§ What the task asks
Would you output all the lines below precisely as they stand, leaving each picture out?

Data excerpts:
- Opening Delimiter -

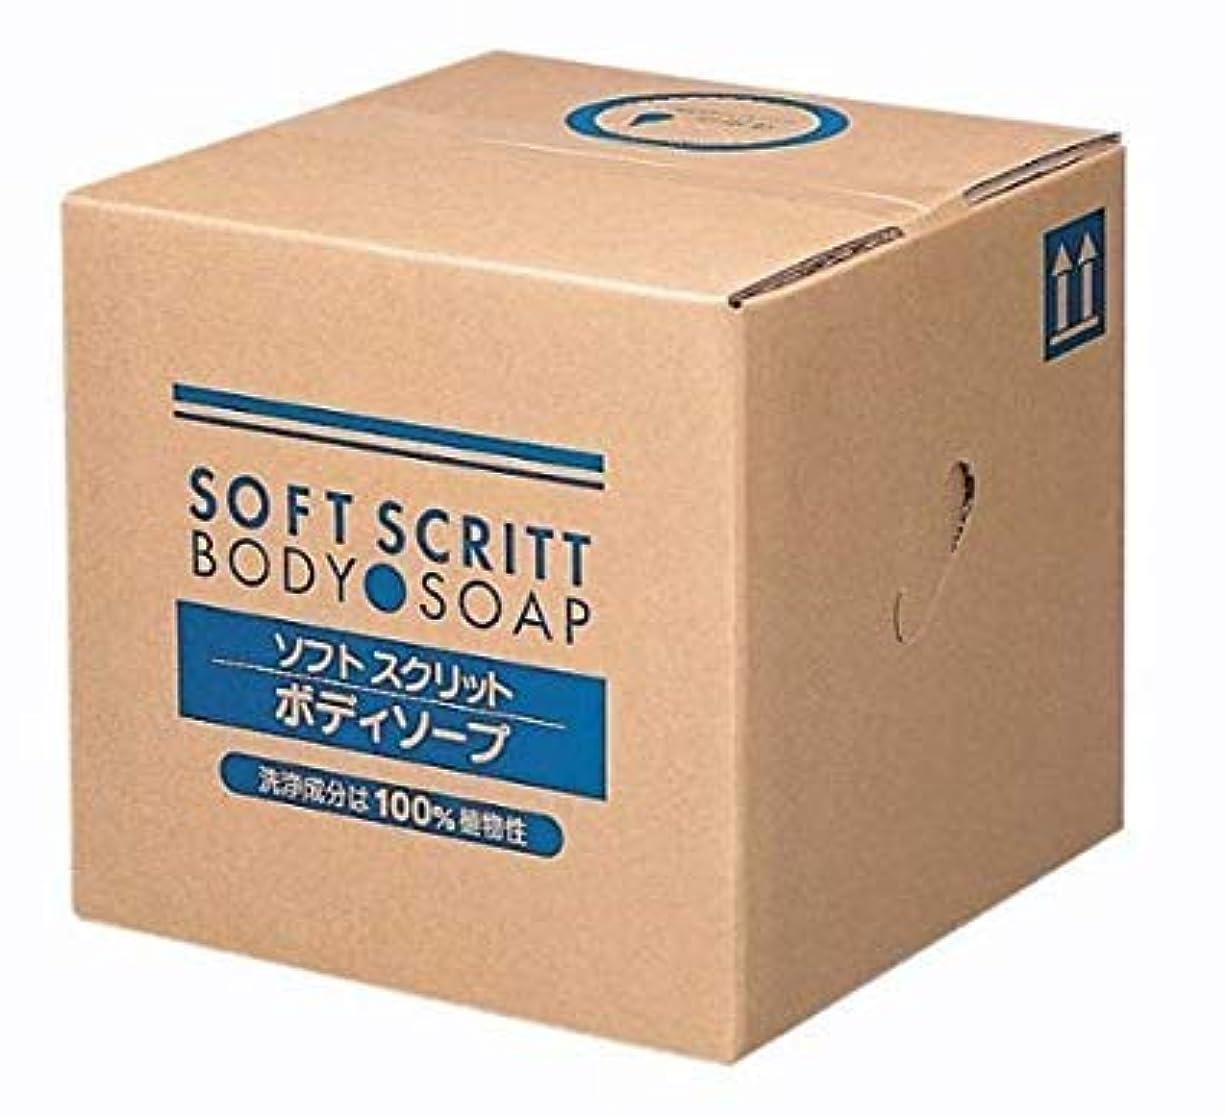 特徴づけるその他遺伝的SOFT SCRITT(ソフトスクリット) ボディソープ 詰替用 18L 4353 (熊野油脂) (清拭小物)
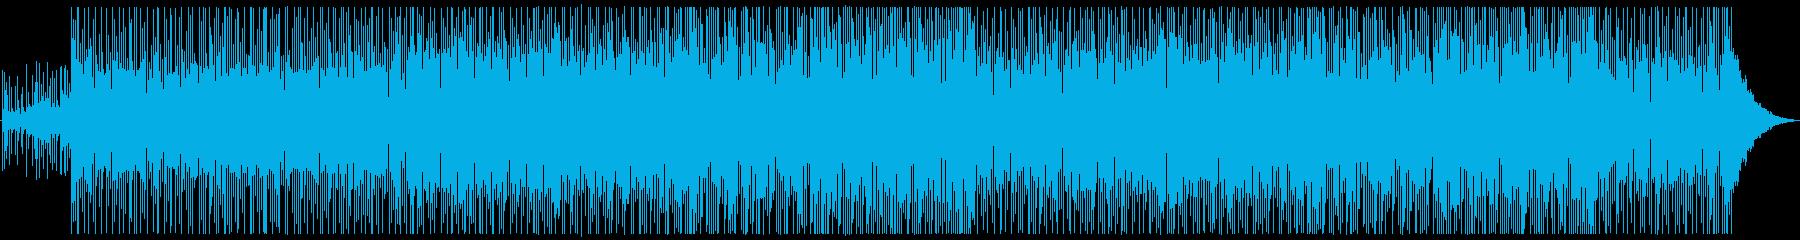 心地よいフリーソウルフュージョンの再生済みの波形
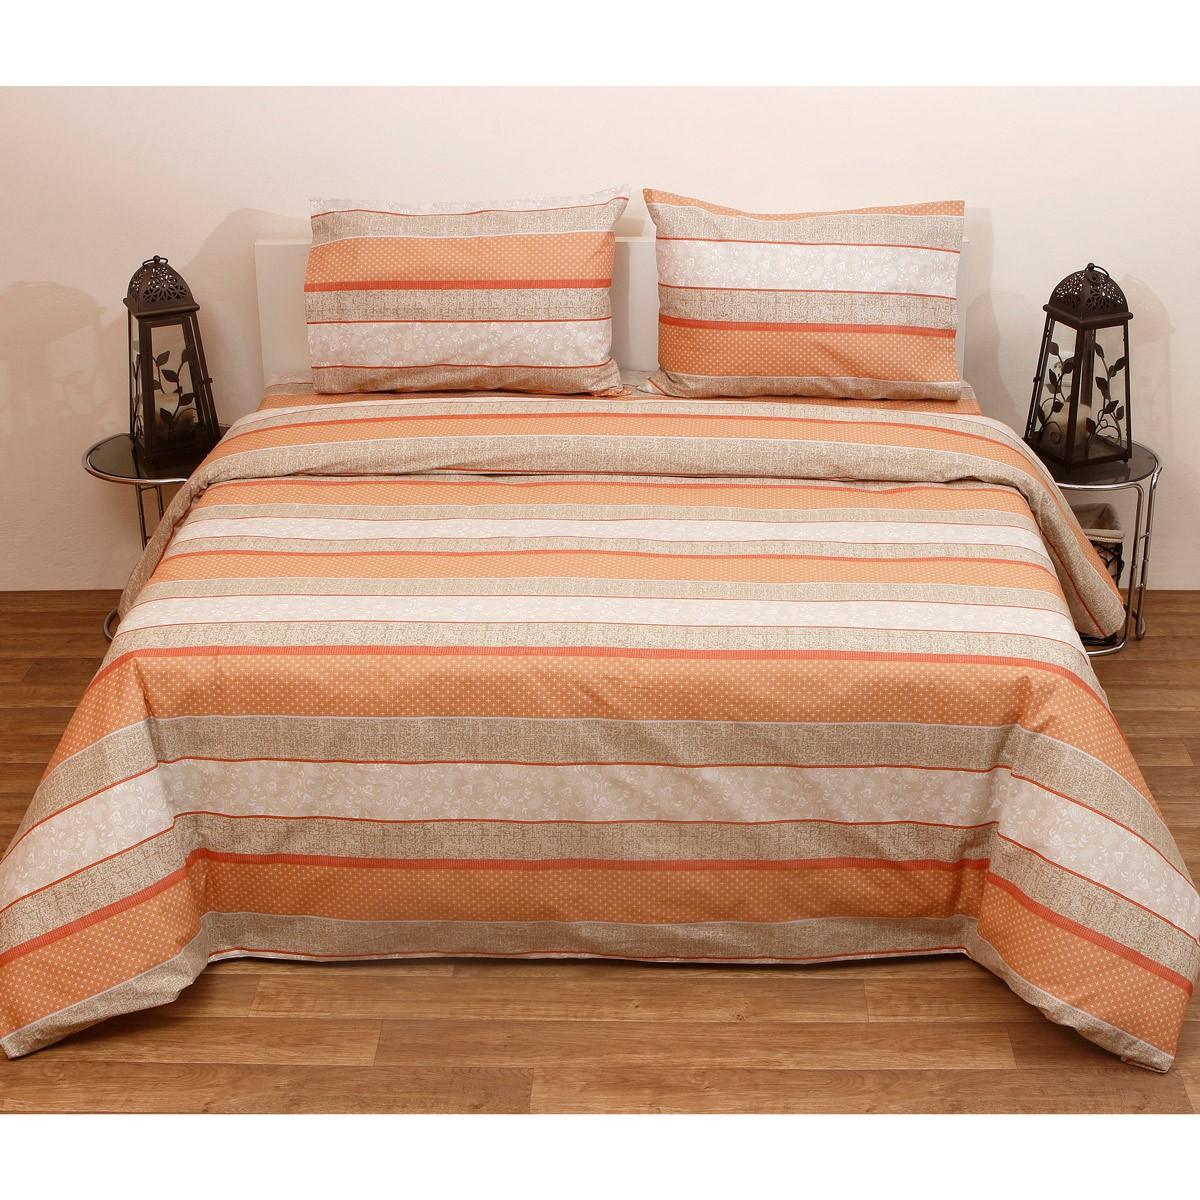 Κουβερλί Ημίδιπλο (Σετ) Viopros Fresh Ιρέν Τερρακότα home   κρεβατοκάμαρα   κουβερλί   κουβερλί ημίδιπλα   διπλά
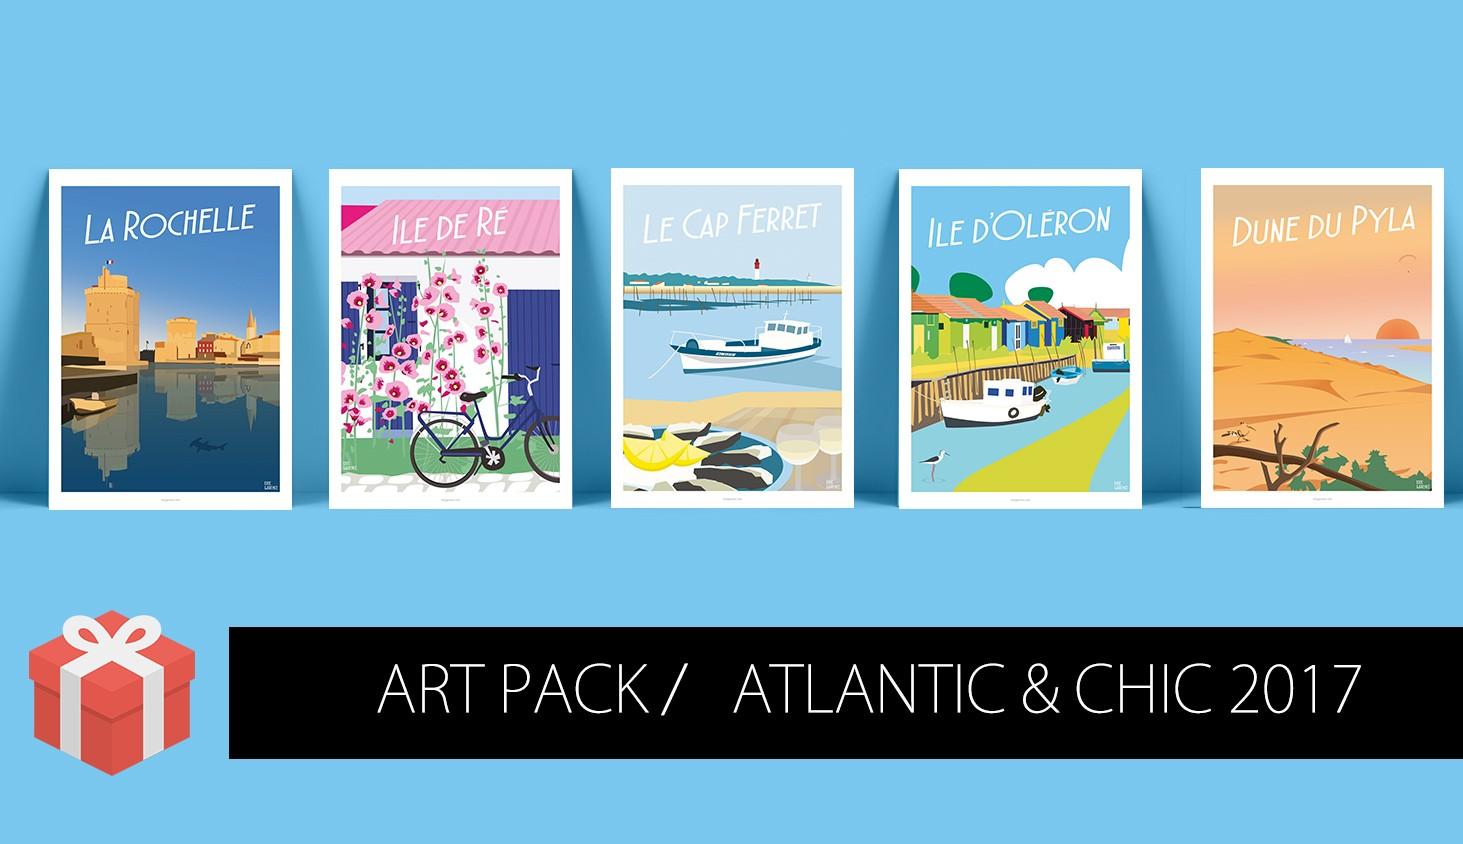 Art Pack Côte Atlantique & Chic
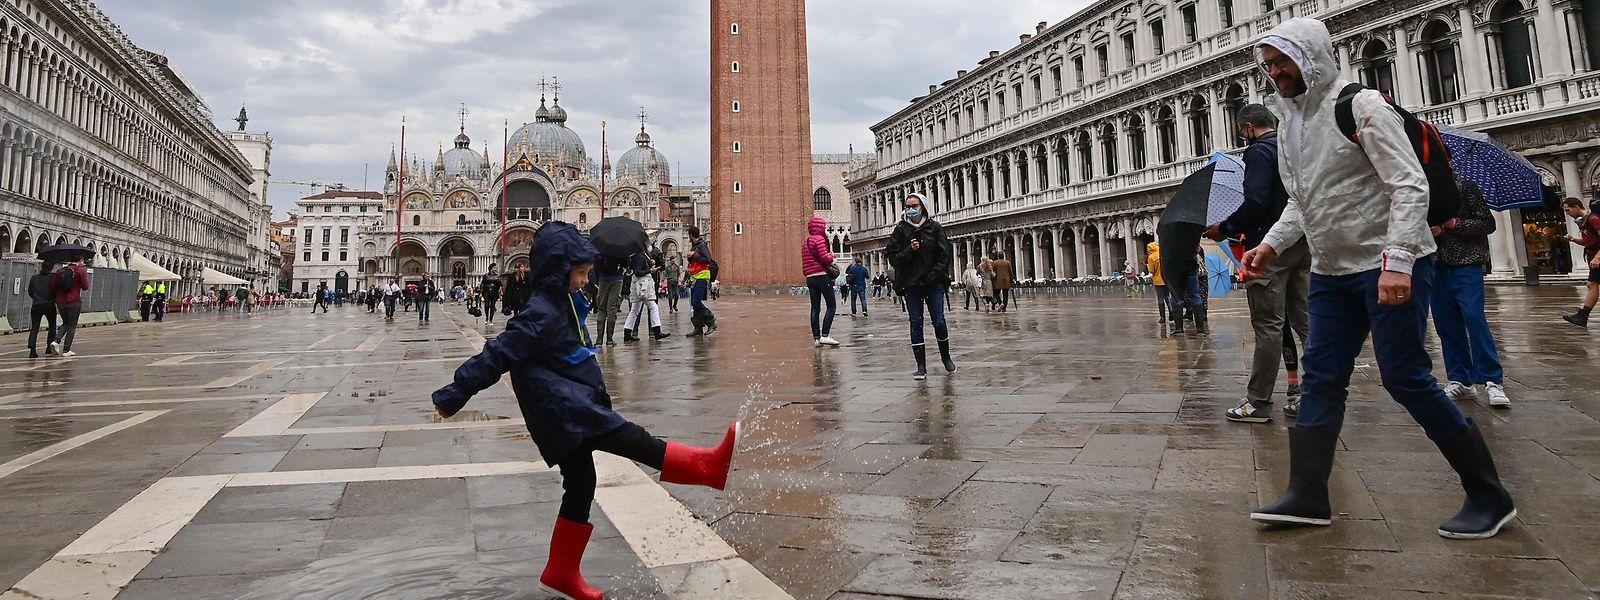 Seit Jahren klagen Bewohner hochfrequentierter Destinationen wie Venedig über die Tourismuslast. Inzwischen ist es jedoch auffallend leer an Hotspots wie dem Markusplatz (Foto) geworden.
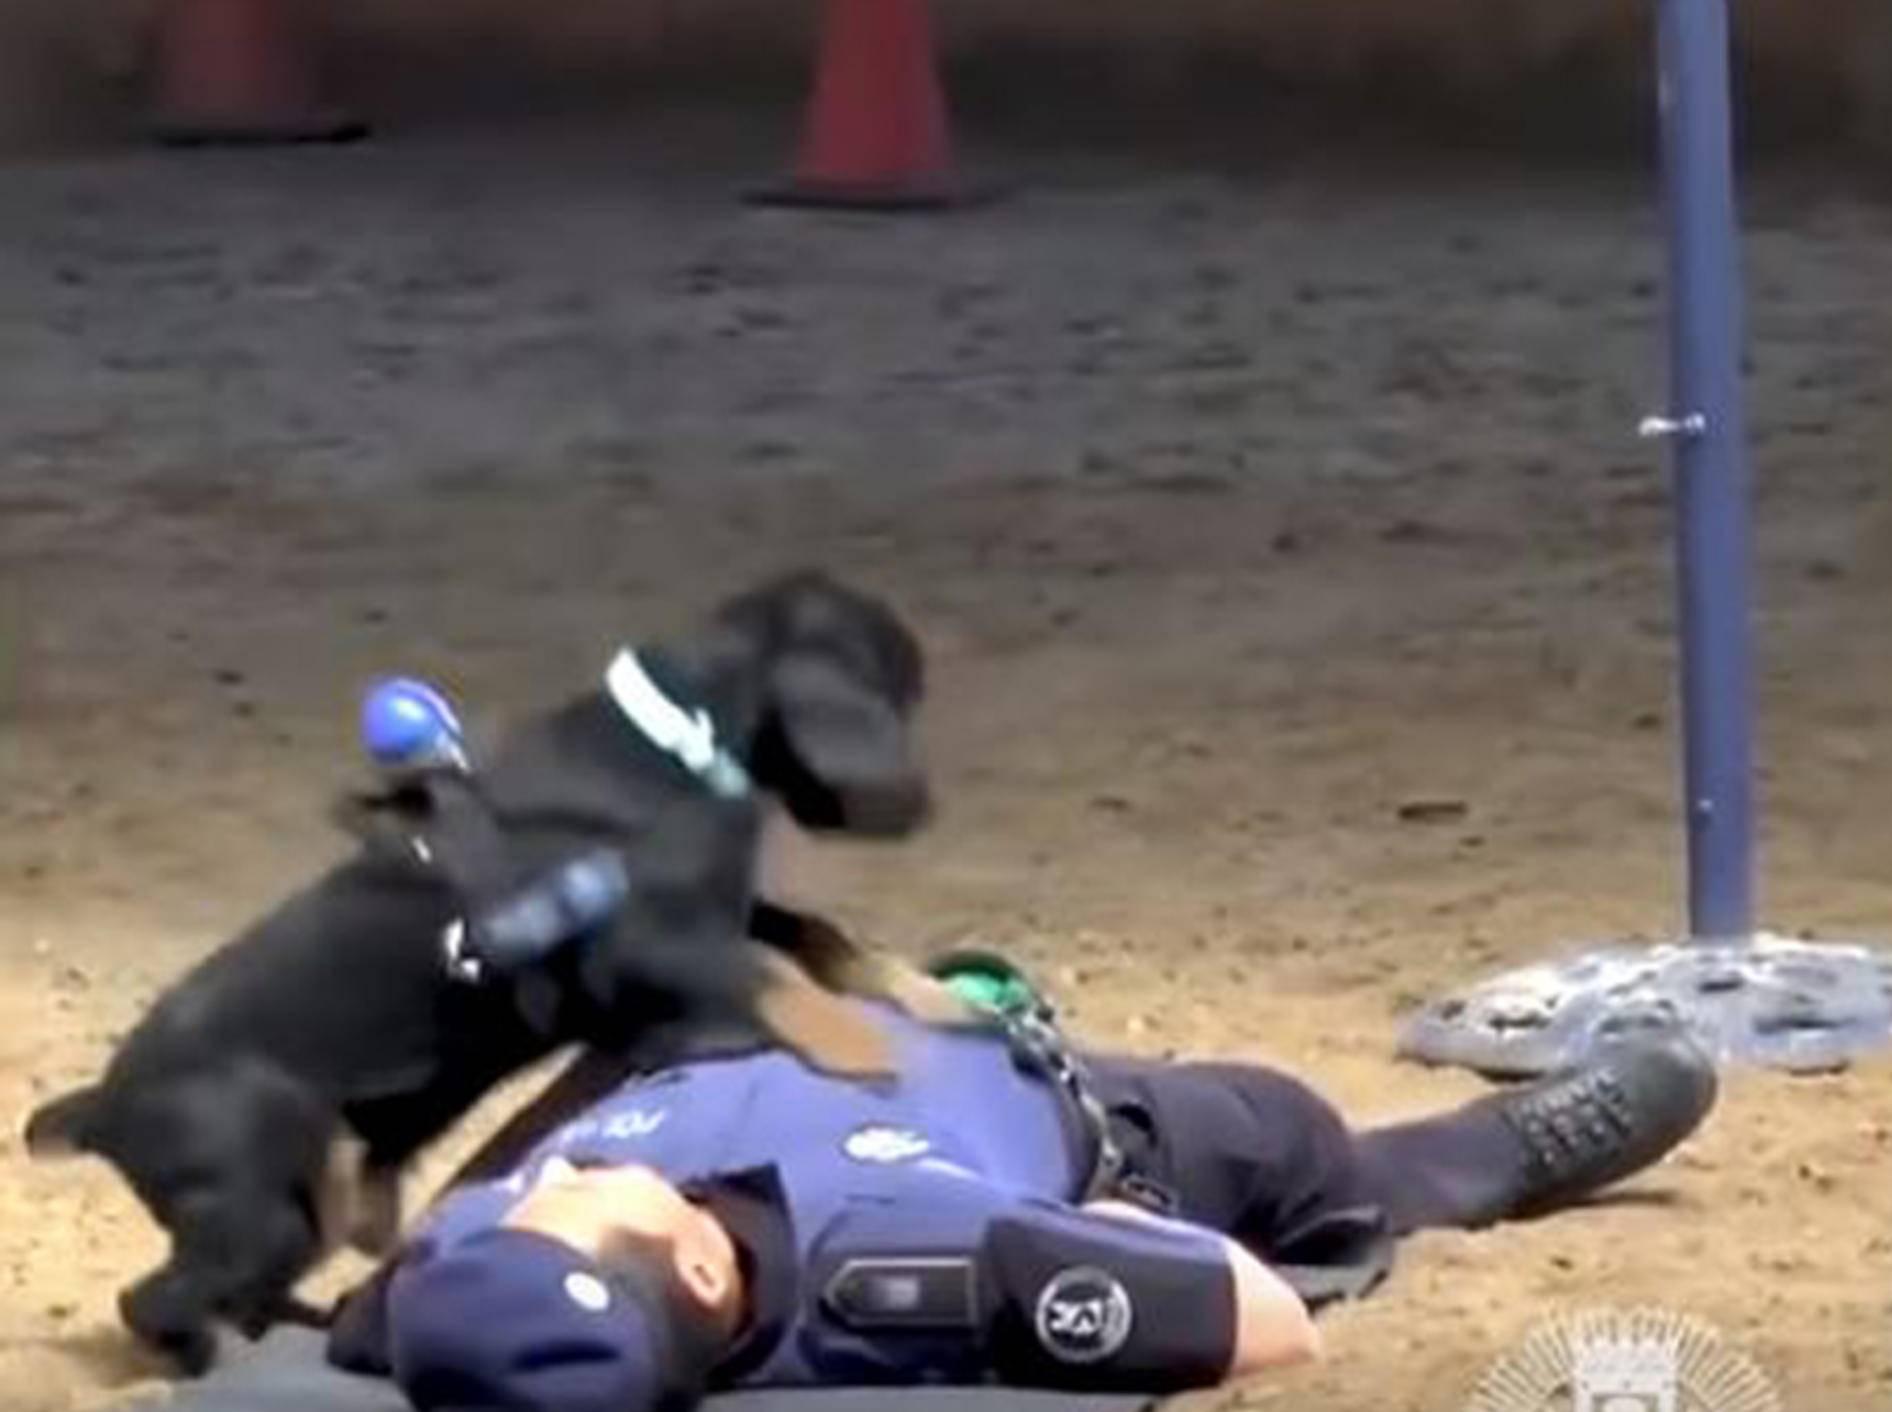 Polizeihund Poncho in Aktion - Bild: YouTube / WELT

- Closing Delimiter -

§ Exercise solution
 特徴づけるその他遺伝的SOFT SCRITT(ソフトスクリット) ボディソープ 詰替用 18L 4353 (熊野油脂) (清拭小物)
 心地よいフリーソウルフュージョンの再生済みの波形
 Κουβερλί Ημίδιπλο (Σετ) Viopros Fresh Ιρέν Τερρακότα home   κρεβατοκάμαρα   κουβερλί   κουβερλί ημίδιπλα   διπλά
 Art Pack Côte Atlantique & Chic
 Seit Jahren klagen Bewohner hochfrequentierter Destinationen wie Venedig über die Tourismuslast. Inzwischen ist es jedoch auffallend leer an Hotspots wie dem Markusplatz (Foto) geworden.
 Polizeihund Poncho in Aktion - Bild: YouTube / WELT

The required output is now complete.